_Your objective:_
Print out the data that follows exactly, character for character, apart from the pictures.

_Data:_
-----
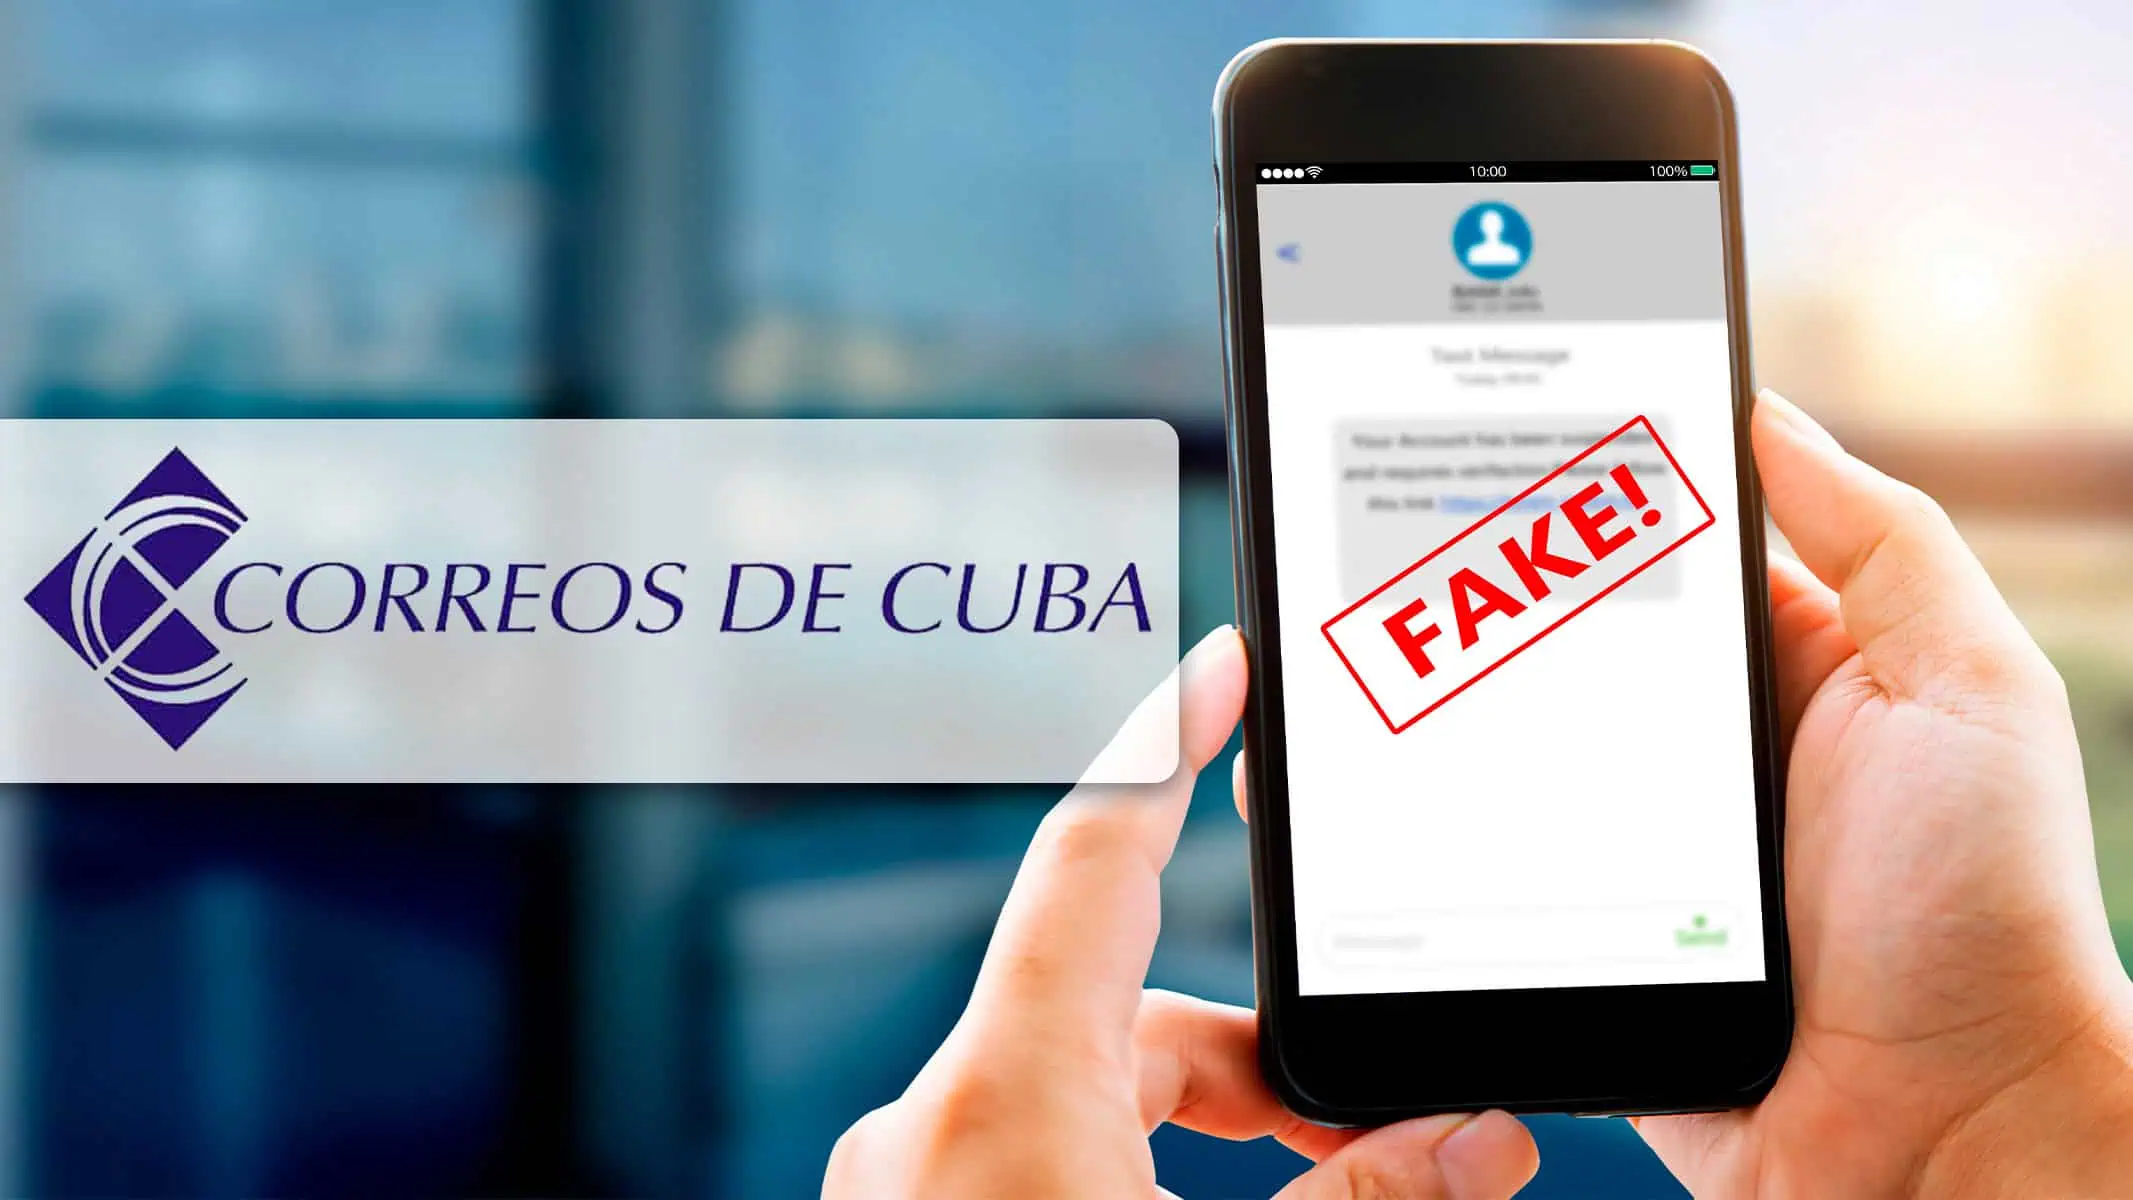 Correos de Cuba Alerta a los Usuarios: Una Cuenta Falsa Intenta Suplantar su Identidad
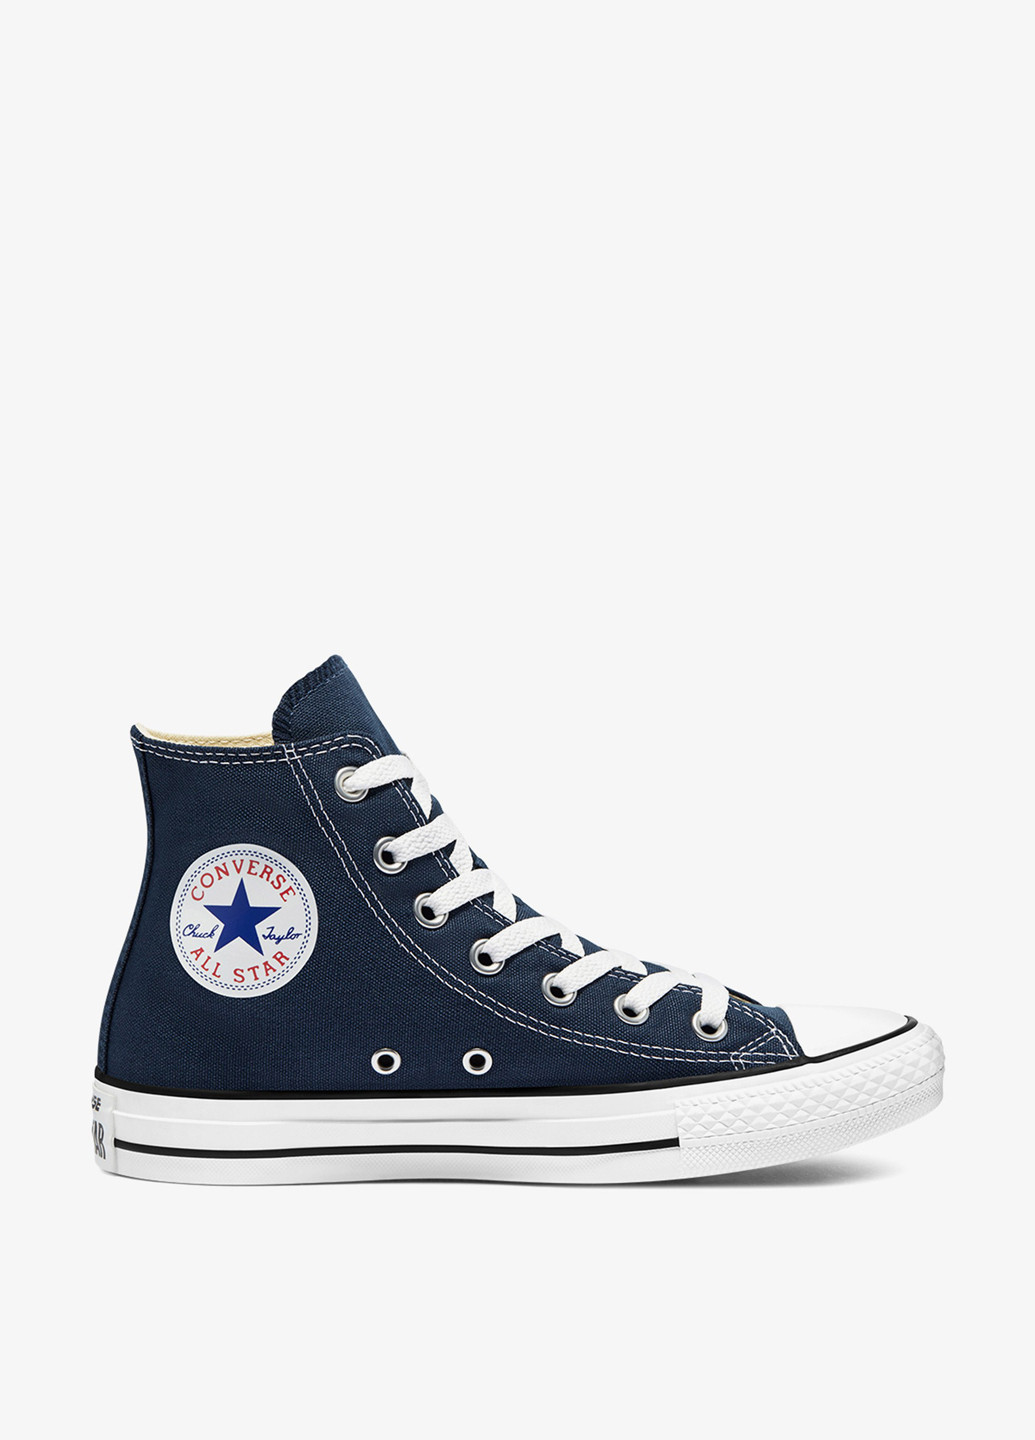 Темно-синие кеды Converse CHUCK TAYLOR ALL STAR люверсы, с логотипом
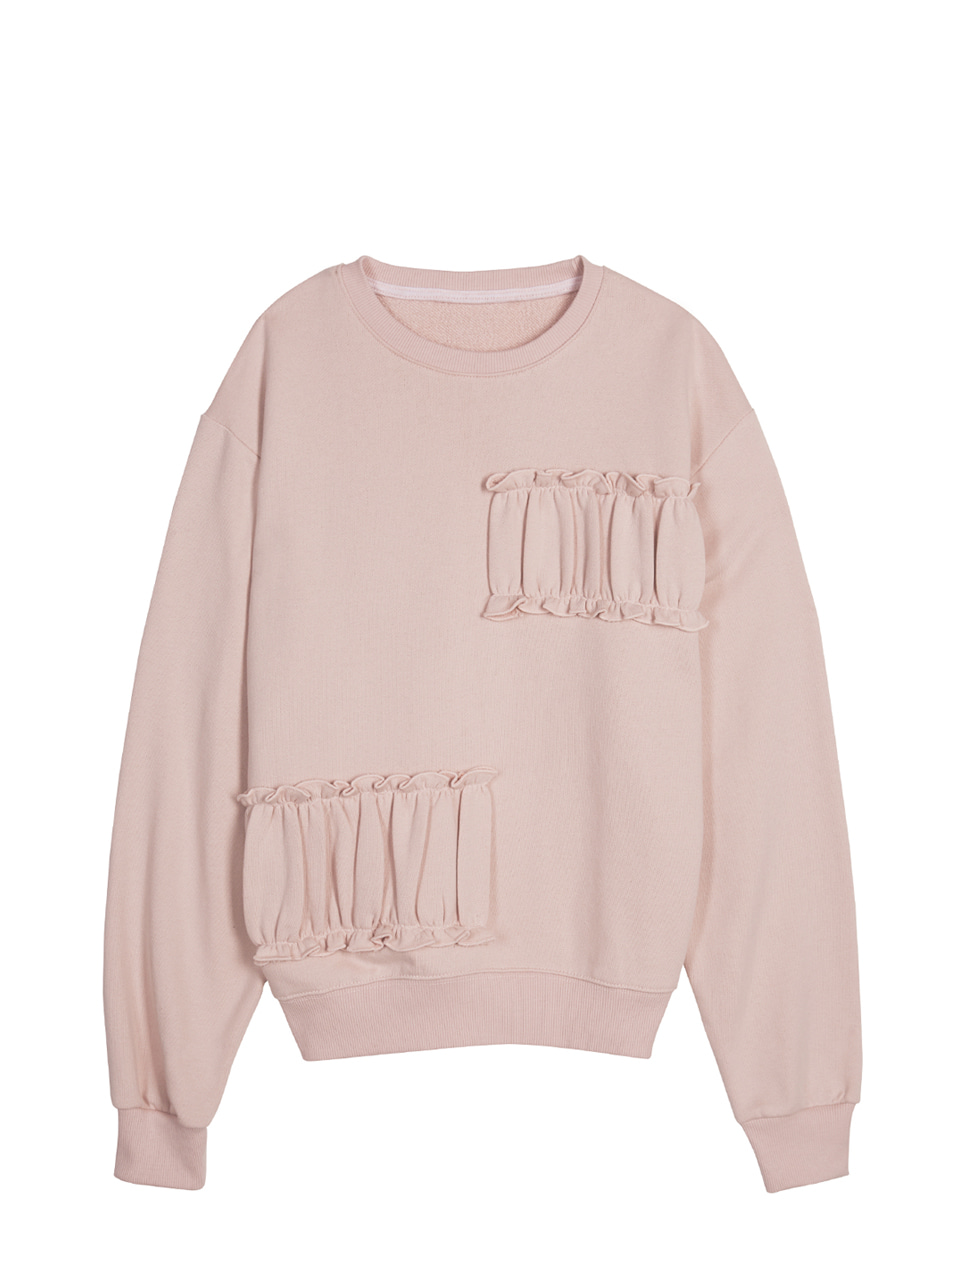 Partial Shirring Sweatshirts - pink
-----
_Finished exercise:_
 Correos de Cuba Alerta a los Usuarios: Una Cuenta Falsa Intenta Suplantar su Identidad
 Темно-синие кеды Converse CHUCK TAYLOR ALL STAR люверсы, с логотипом
 Partial Shirring Sweatshirts - pink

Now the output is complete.